Start of Listed entries

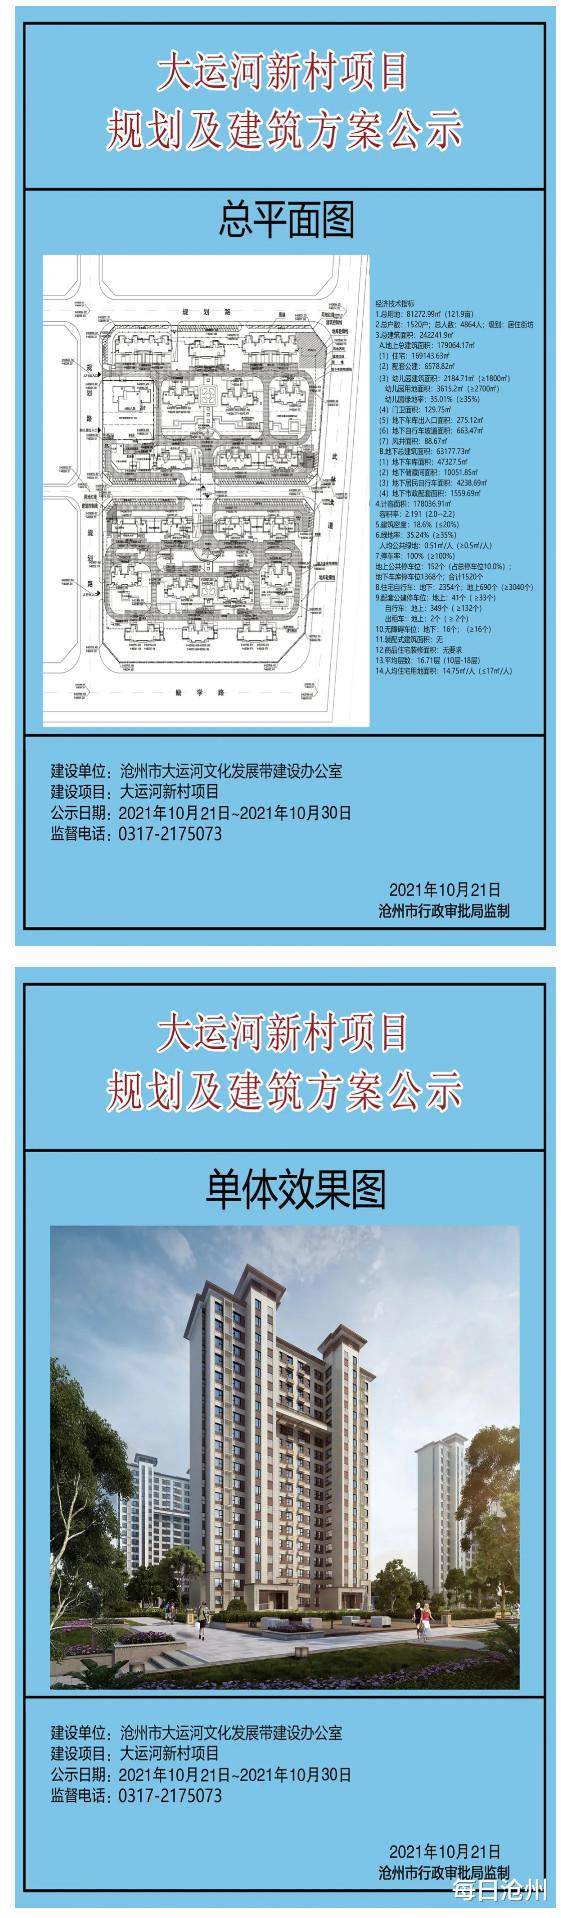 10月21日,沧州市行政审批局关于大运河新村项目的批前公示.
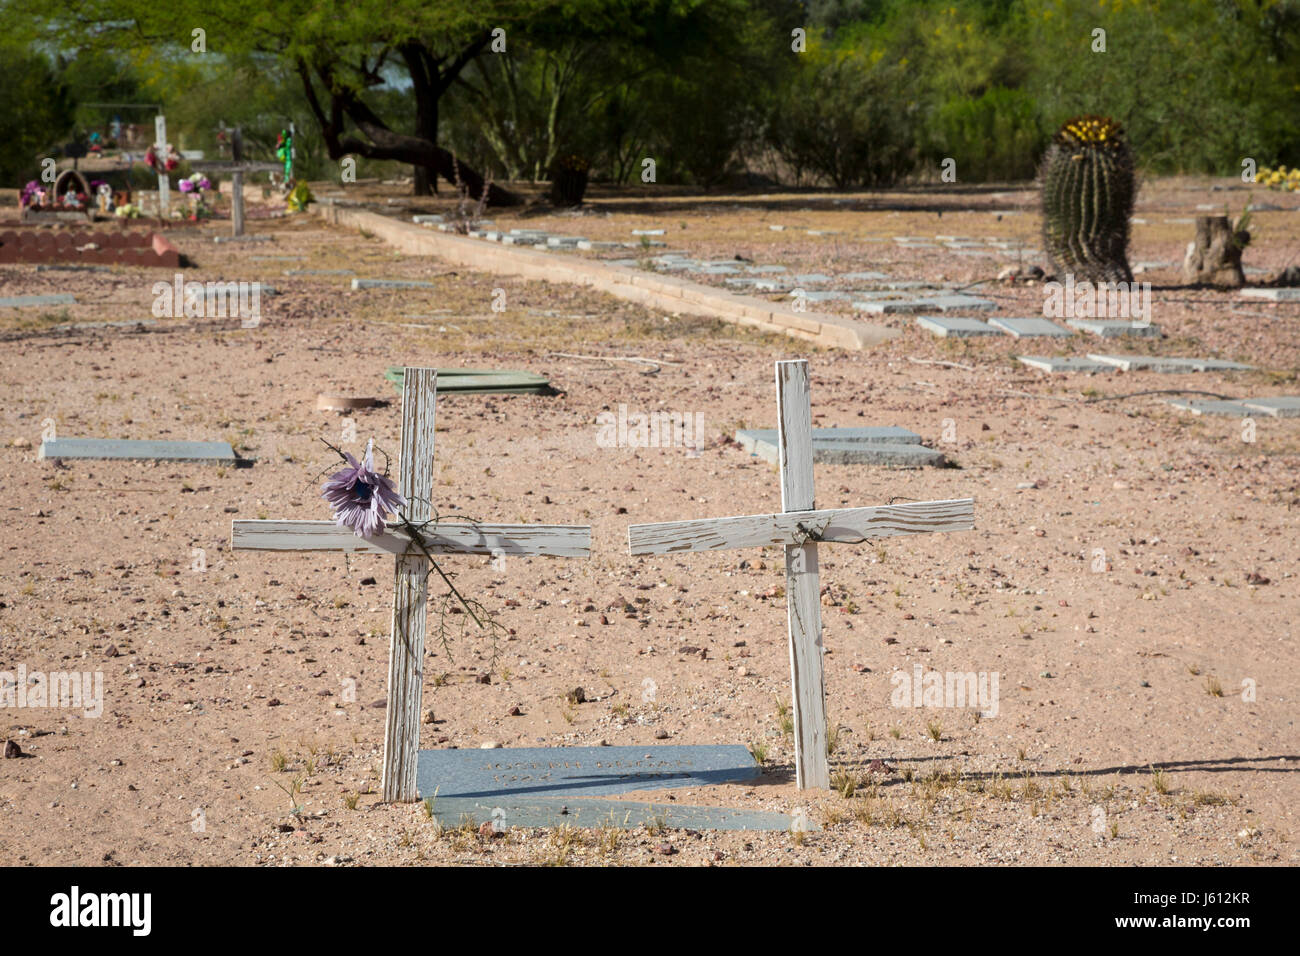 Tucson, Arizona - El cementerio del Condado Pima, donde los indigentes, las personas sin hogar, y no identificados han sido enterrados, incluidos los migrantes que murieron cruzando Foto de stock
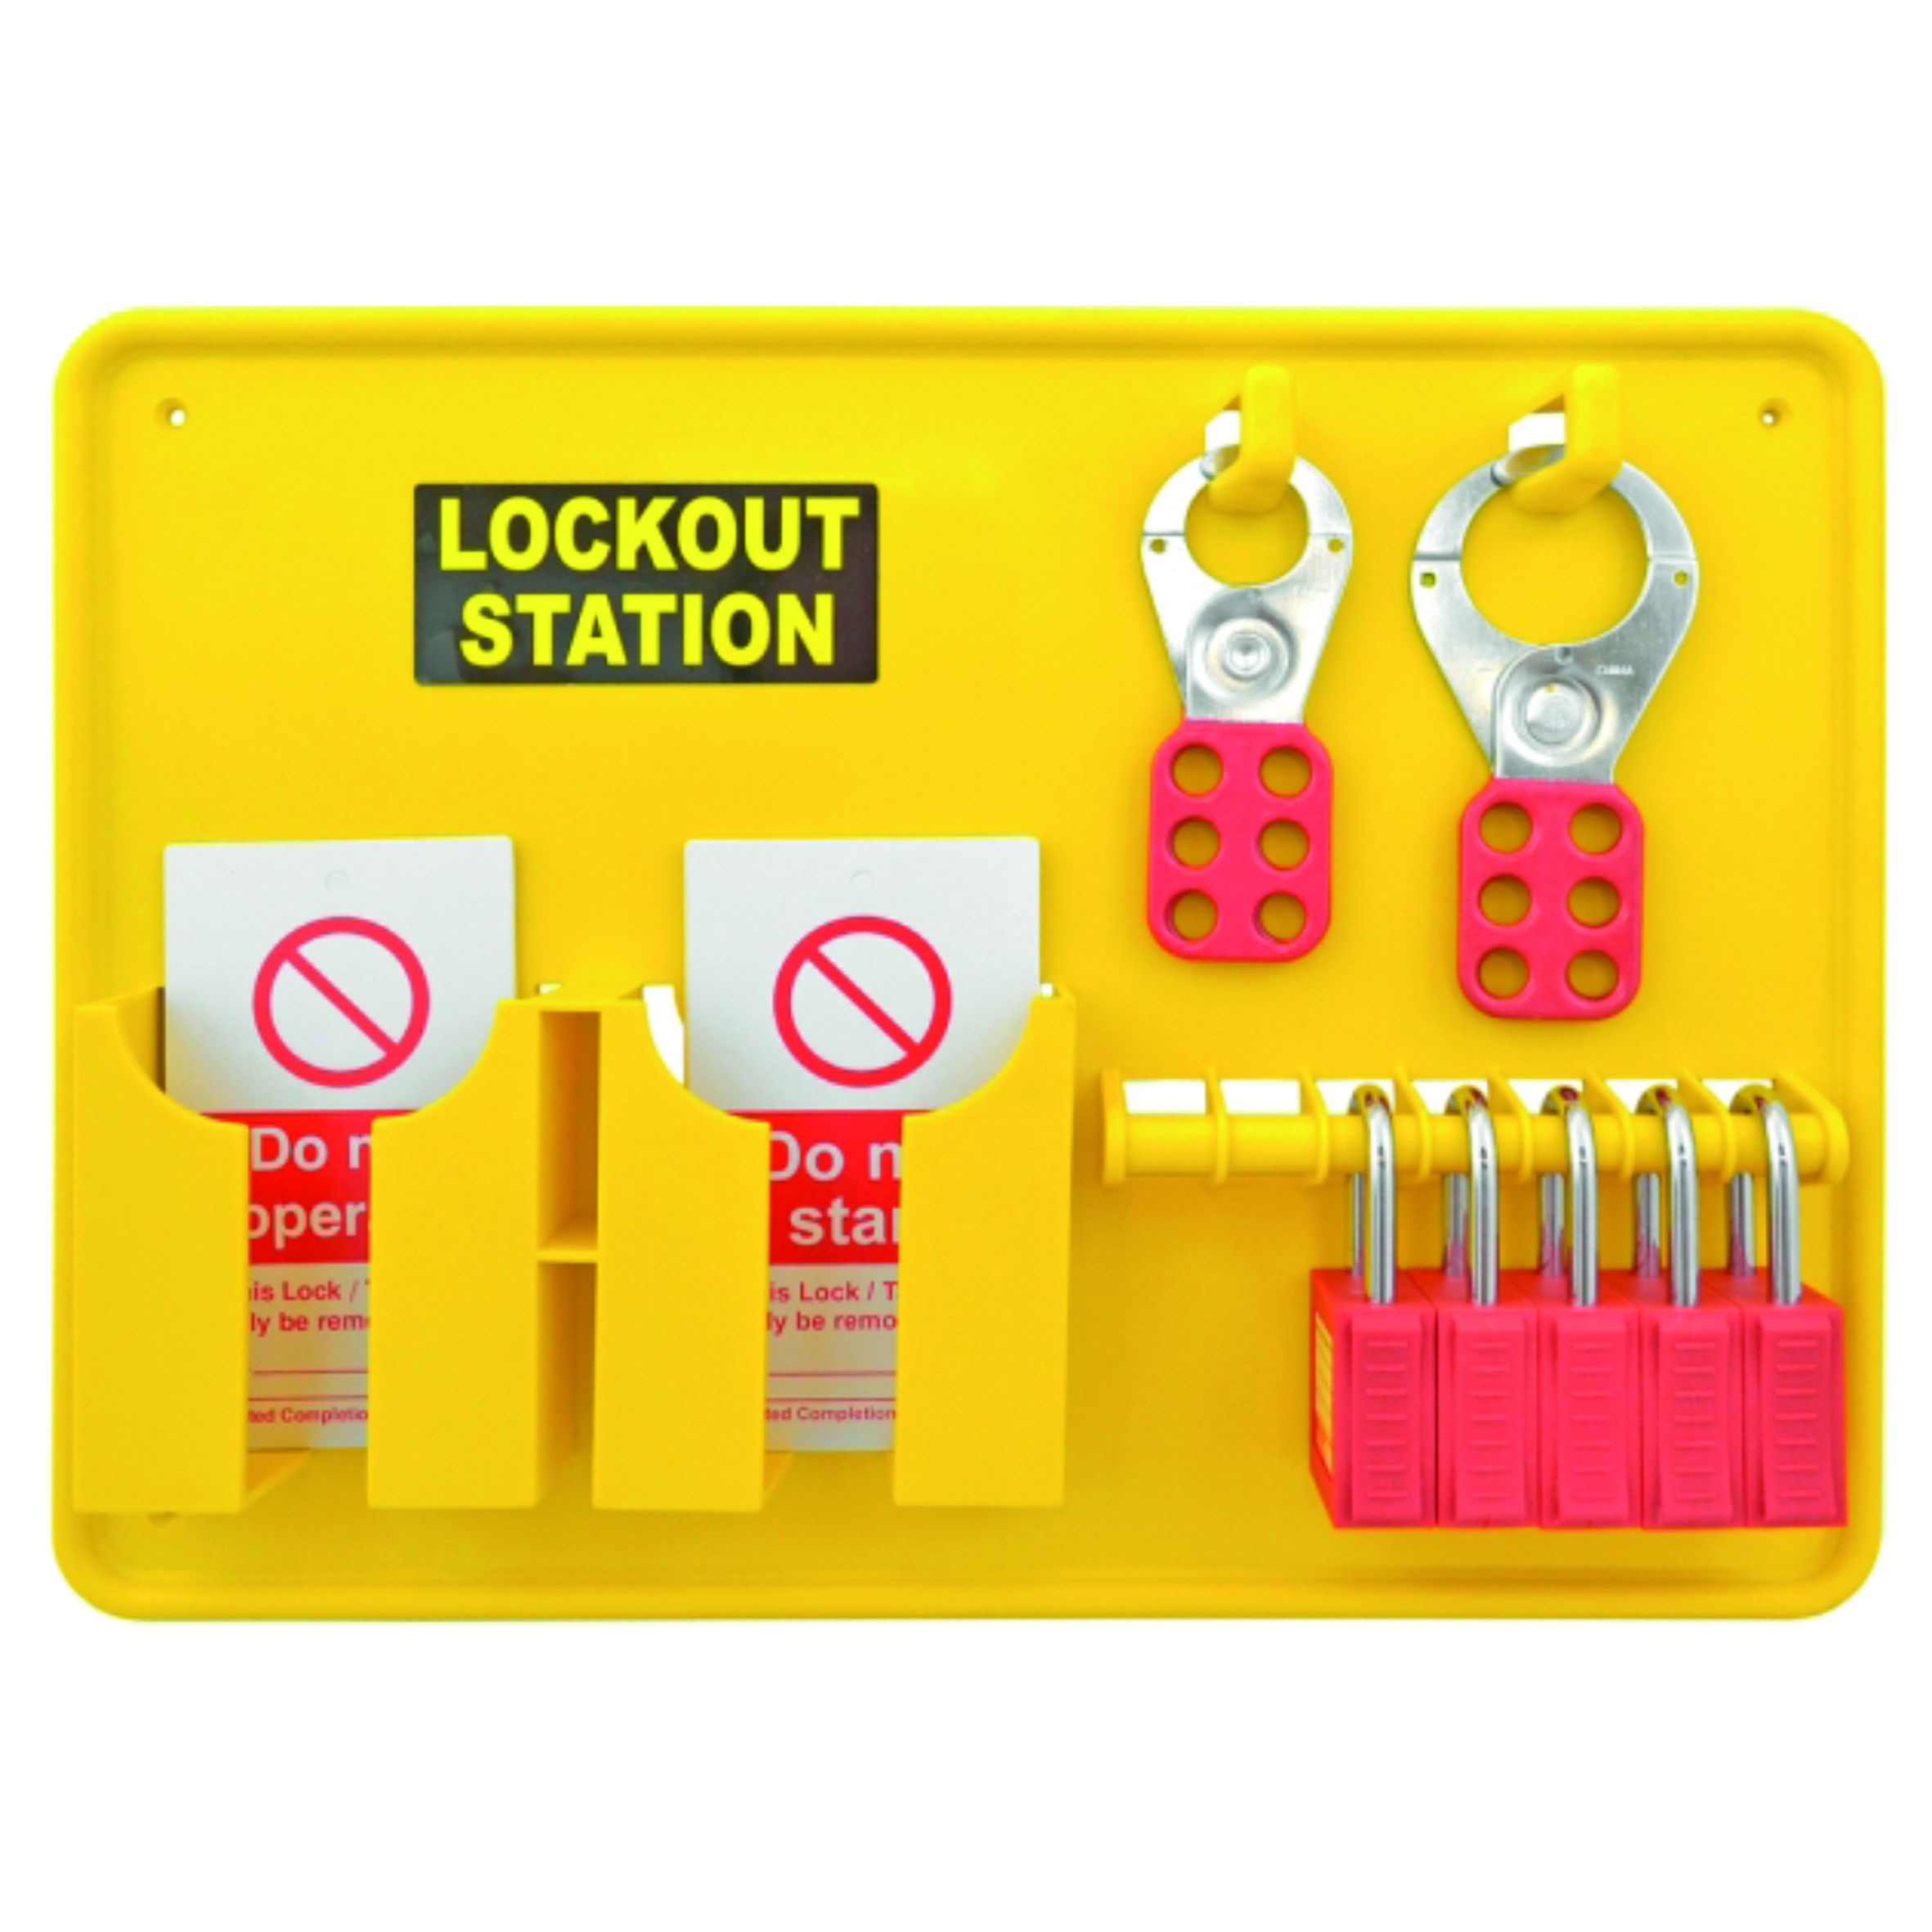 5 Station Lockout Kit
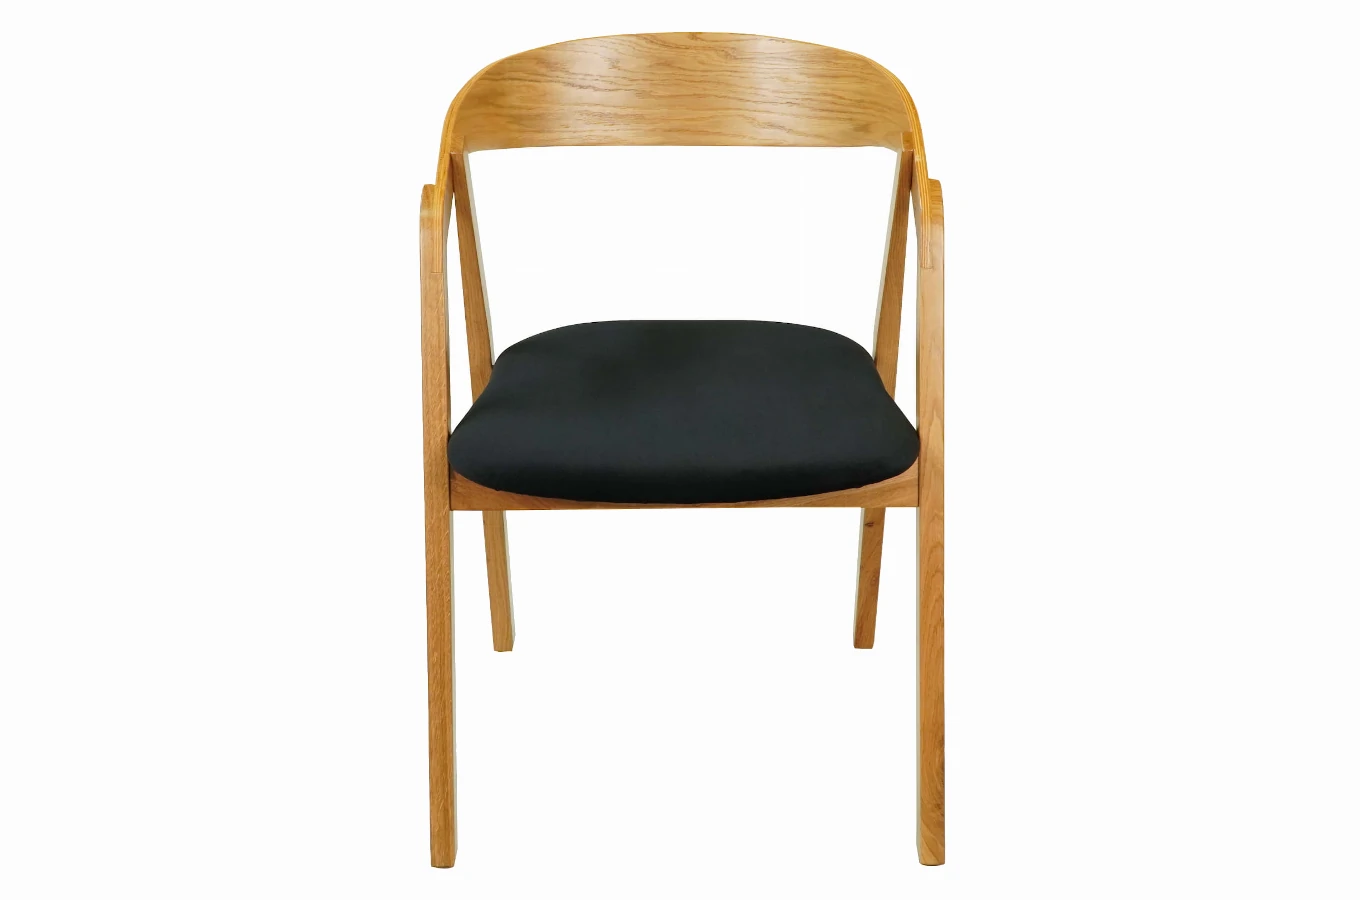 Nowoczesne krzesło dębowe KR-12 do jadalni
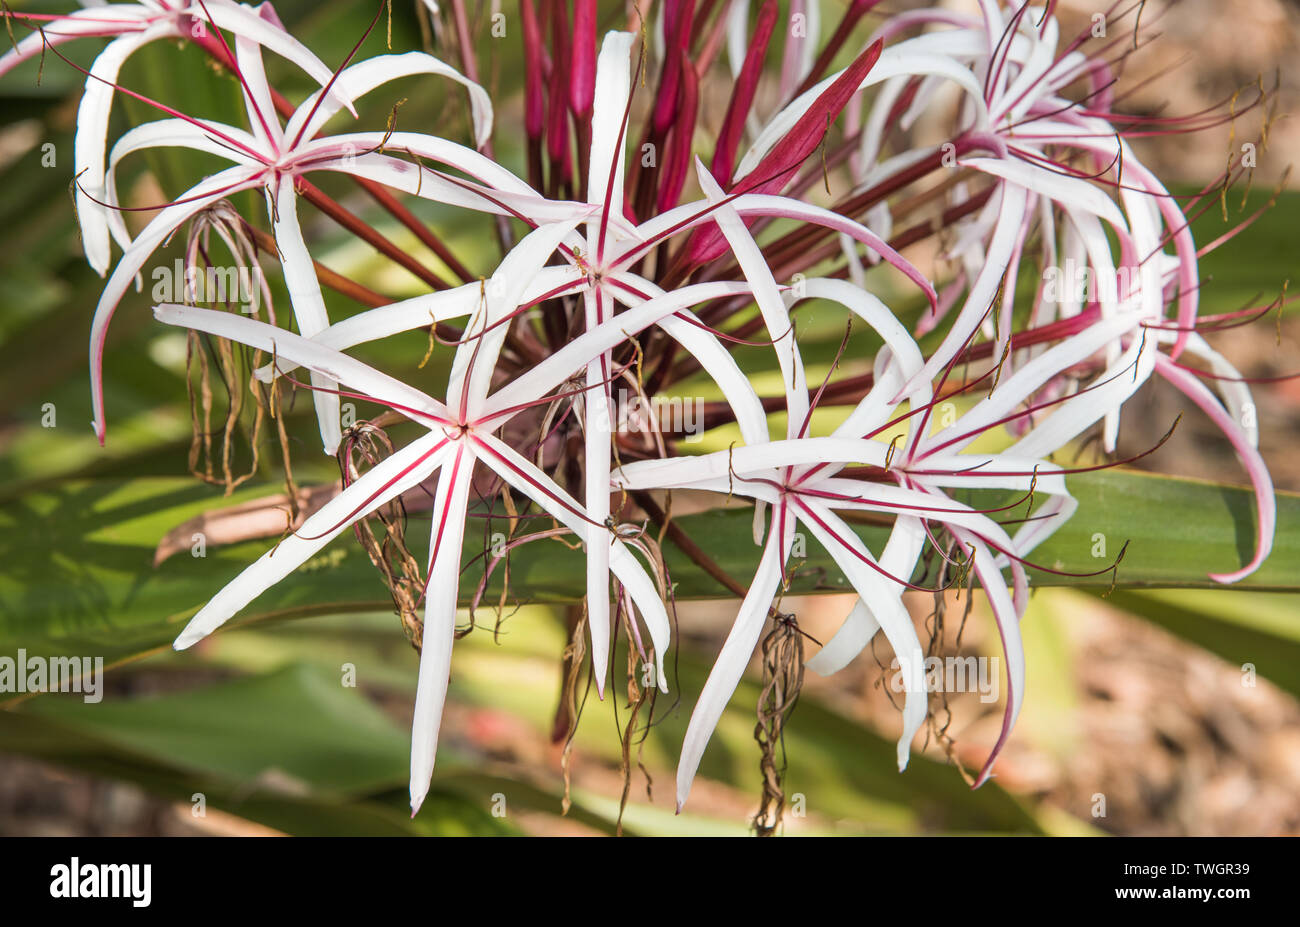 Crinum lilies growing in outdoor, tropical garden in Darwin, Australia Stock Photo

End of Listed entries

* [Assignment]: Excluding the images, return each record above precisely as written.

* [Output for this task]:
 10月21日,沧州市行政审批局关于大运河新村项目的批前公示.
 Tucson, Arizona - El cementerio del Condado Pima, donde los indigentes, las personas sin hogar, y no identificados han sido enterrados, incluidos los migrantes que murieron cruzando Foto de stock
 5 Station Lockout Kit
 Nowoczesne krzesło dębowe KR-12 do jadalni
 Crinum lilies growing in outdoor, tropical garden in Darwin, Australia Stock Photo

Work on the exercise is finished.